Source: Pharmaceutical Technology Europe
Issue 11,Volume 20
High-throughput screening (HTS) of compound libraries is the most widely adopted approach to hit discovery because it is the only generic way of addressing a variety of targets on an industrial scale.
High-throughput screening (HTS) of compound libraries is the most widely adopted approach to hit discovery because it is the only generic way of addressing a variety of targets on an industrial scale. Other techniques, such as picking lead molecules from the academic literature, are too specific to drive industry-wide discovery. Despite of this central role of HTS, a significant number of screens fail to deliver lead series after hit optimization.
Contemplating the failure rate of HTS has always been a sobering moment for anyone in the industry and large pharmaceutical companies have been quick to respond as the quality of compound libraries has improved dramatically since the 1990s, when many non-drug-like and non-lead-like compounds were included. However, many companies are likely to adopt strategies for implementing fragment-based drug discovery (FBDD) within 2–3 years, although it may take another couple of years before FBDD is seamlessly integrated into their hit discovery processes.
FBDD is a novel approach to lead compound generation where smaller libraries of molecules with a molecular weight of 150–300 Da ('fragments') are screened for target binding or modulation using techniques such as X-ray crystallography, nuclear magnetic resonance, bioassays and surface plasmon resonance. The subsequent optimization to lead compound stage is typically done by structure-based drug design using the crystallographic binding pose of the fragment hit as a template. Initially a rather unknown technique, FBDD has grown in popularity with conferences covering the topic 'selling out'; for example, Fragment-based Lead Discovery Conference 2008 held in San Diego (CA, USA) in February.
FBDD is becoming the technical approach of choice for many in the industry. Using fragments, it is possible to exhaustively screen a target site to pick the best matching fragment for optimization. If no or few hits are returned, then the target can be safely assumed to have no binding site for small molecules. Time and money are saved that would otherwise have been spent re-engineering the compound into an effective lead. Some companies, such as Abbott (IL, USA) and Vertex (MA, USA), are already prescreening with fragments and only searching for leads with HTS if the target returns numerous fragment hits.

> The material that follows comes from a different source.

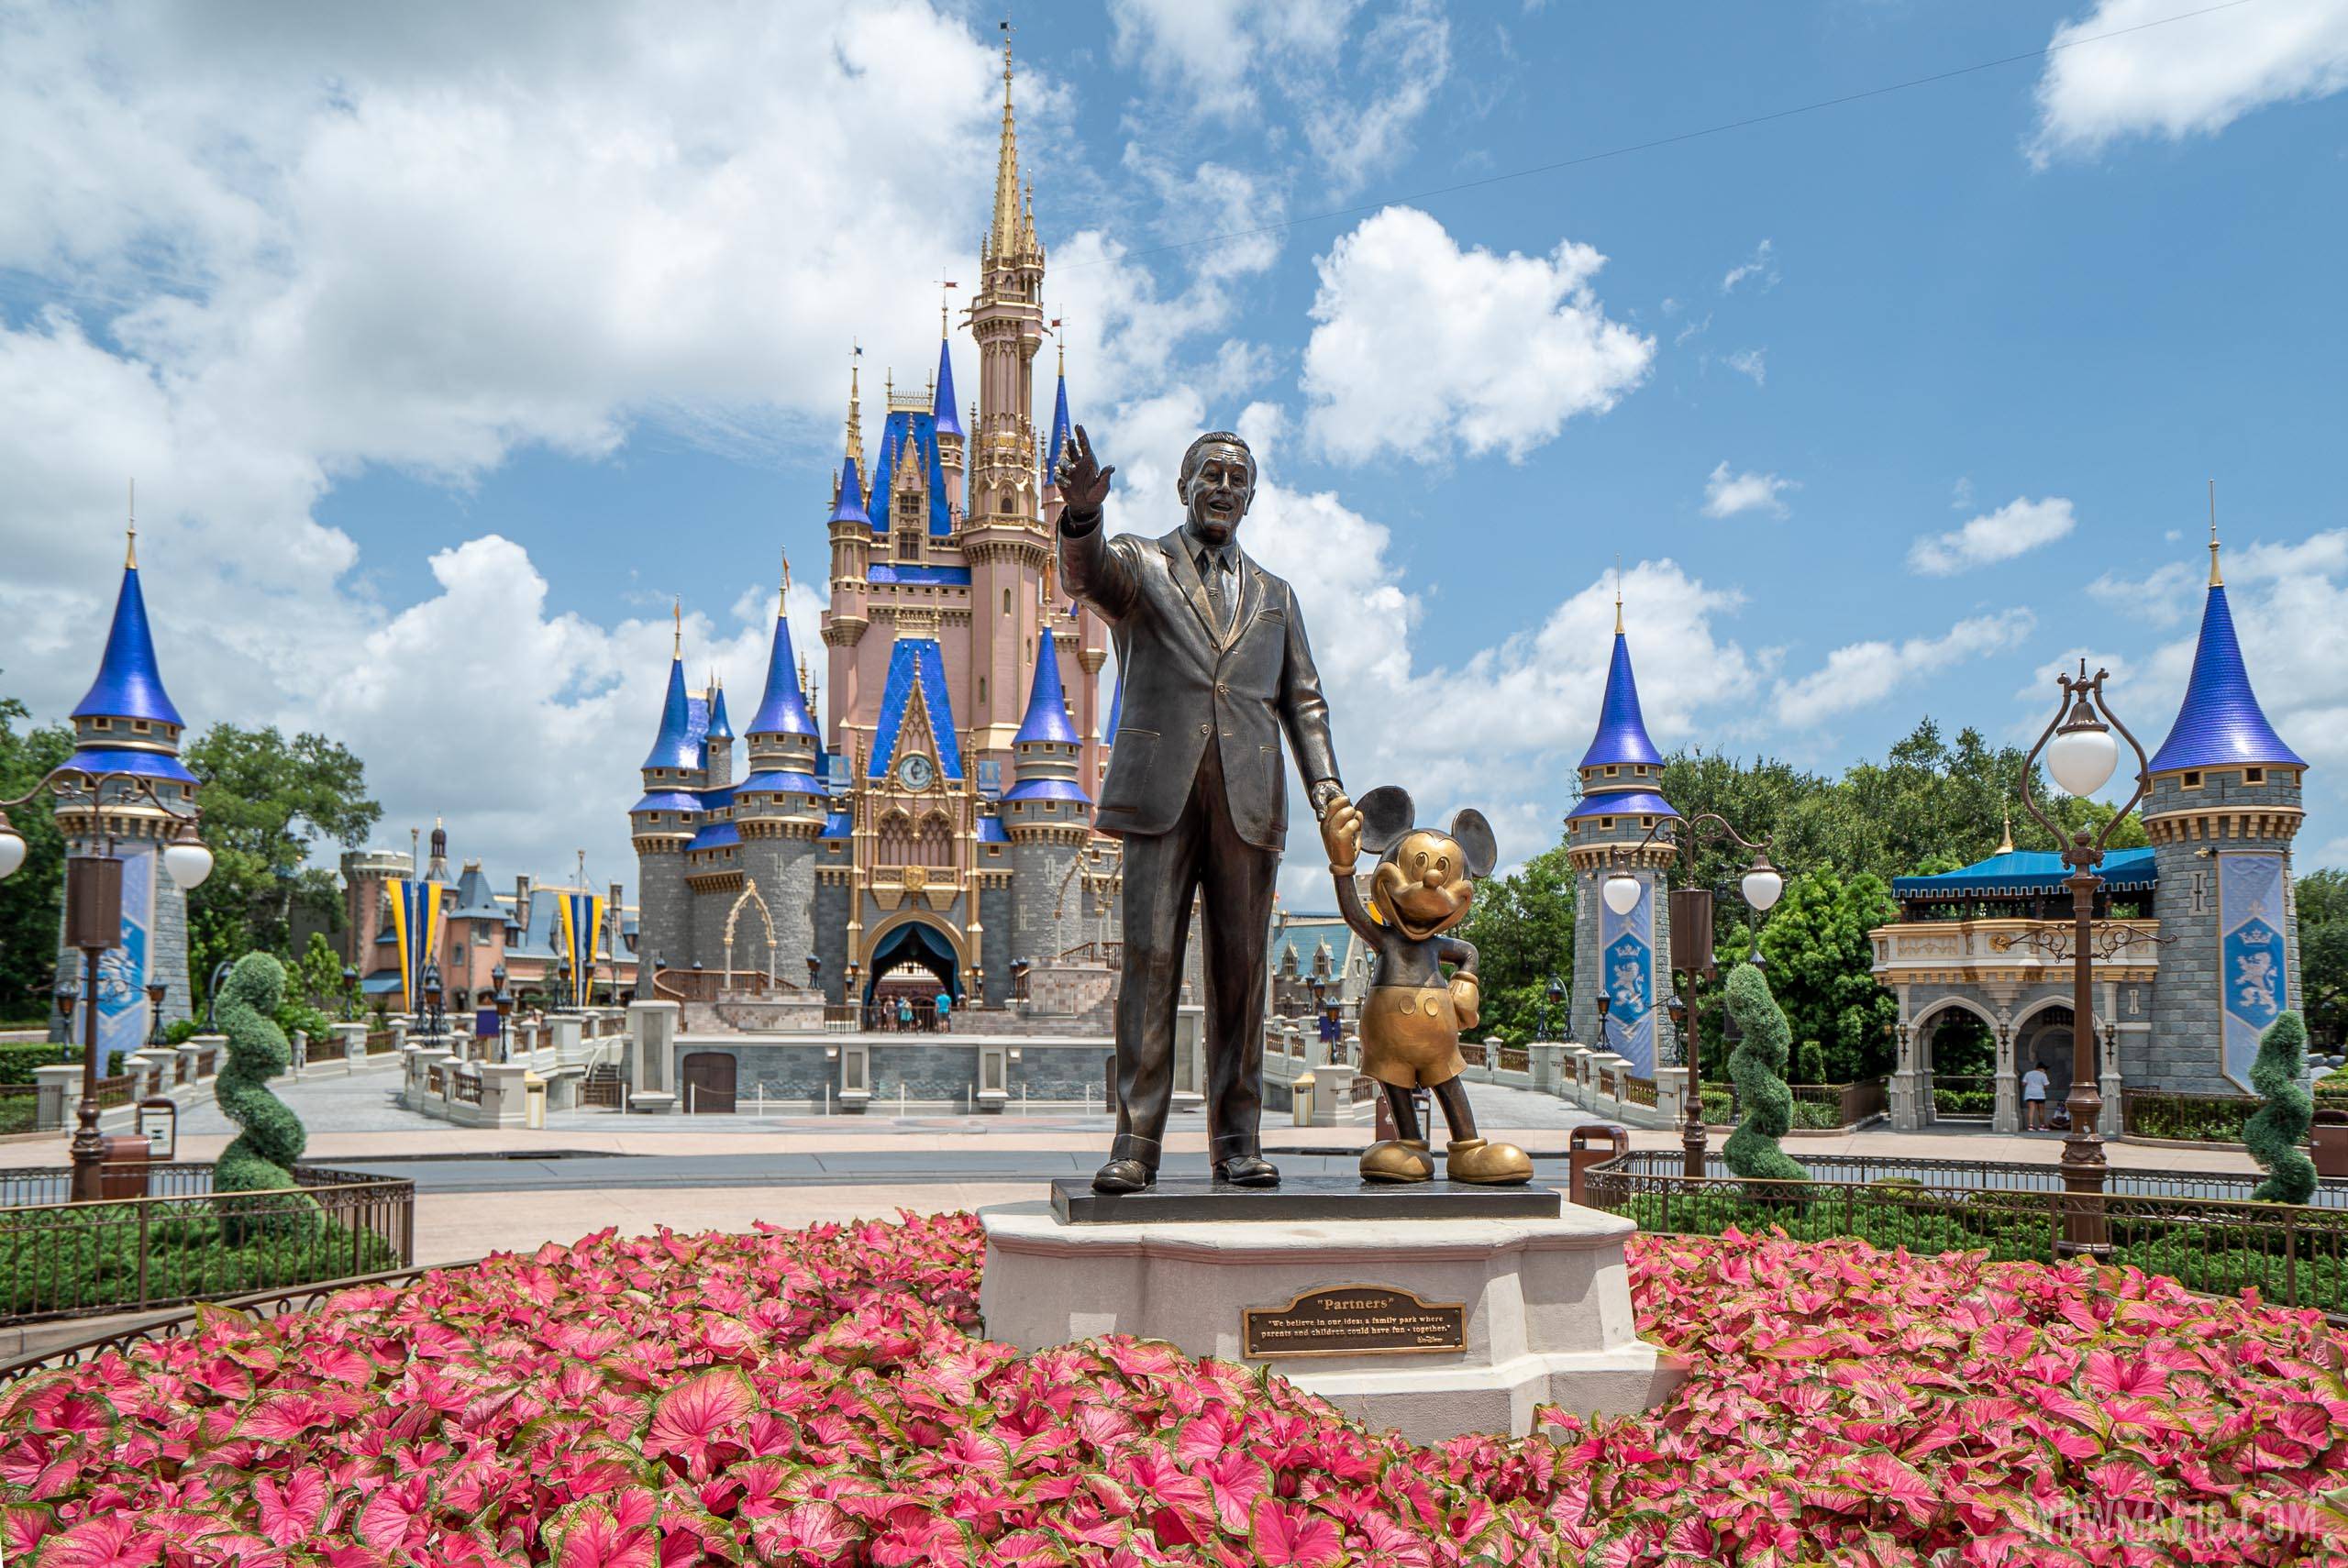 Magic Kingdom closed to some guests due to reaching capacity

The use of FBDD is already common where a poorly drugable target must be 'rescued' for lead generation following an HTS campaign. However, using FBDD and HTS at the same point in drug discovery is becoming increasingly popular as it creates a win–win situation. Using both techniques, it is possible to explore a full range of chemical scaffolds with binding affinities ranging from milli- to nanomolar simultaneously. Not only can fragment hit results be used to provide information about the nature of the minimum pharmacophores, but successful fragments can also be used as substituents to optimize lead-like compounds discovered by HTS.

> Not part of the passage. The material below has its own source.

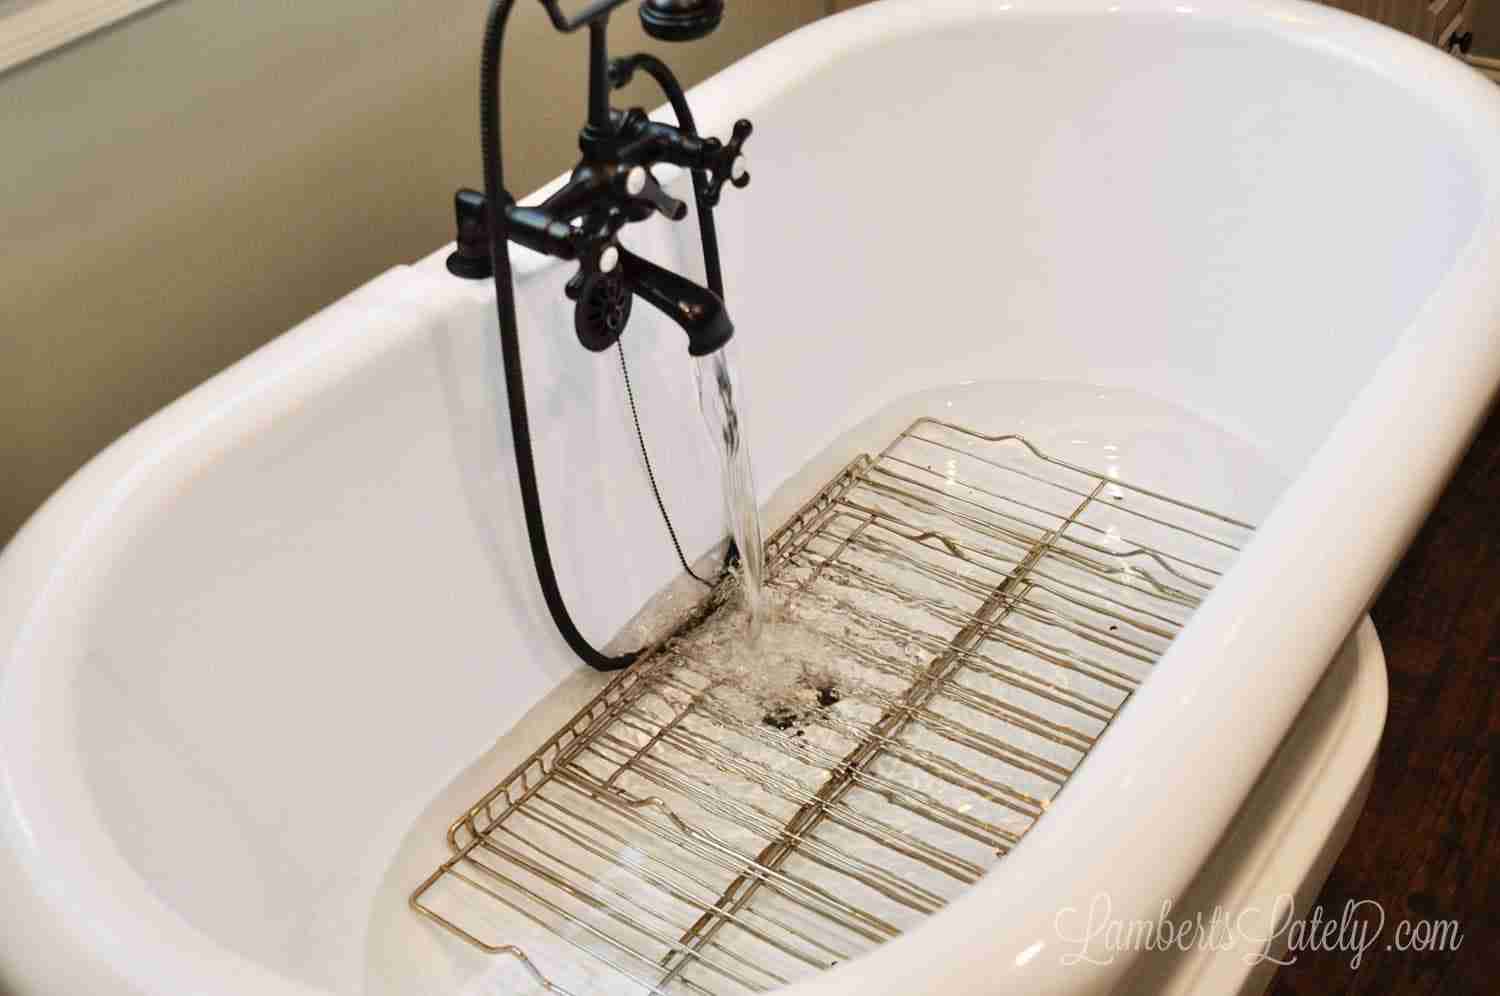 bathtub filling with water and oven racks

Some companies have strict selection criteria that rules out FBDD as they will not consider a compound with less than one micromolar potency as a starting point for lead generation. This is because they are only working on selected target families and typically against aggressive timelines for hit-to-lead optimization. However, viewing absolute potency as the most important characteristic of a hit compound is missing the point; the leads FBDD generates have the potential to be more promising drug candidates than those produced exclusively using HTS and the resulting lead is more likely to be developable, saving time and money in the long-term. This is because FBDD helps select and optimize small molecules on the efficiency of their target interaction considering their low molecular weight. Small but effective leads are easier to tailor into a drug with good solubility and pharmacokinetics, fewer side-effects and limited toxicity. Furthermore, as fragments can exhaustively sample a binding site, the range of drugs that can be assembled is extremely diverse.
Although adopting a joint FBDD and HTS approach requires changes to standard practice, the improved efficiency, selectivity and pharmaceutical properties of the novel leads discovered are significant. There is no doubt that FBDD is becoming the industry's chemistry of choice.
Thomas Hesterkamp is VP of fragment-based drug discovery at Evotec AG.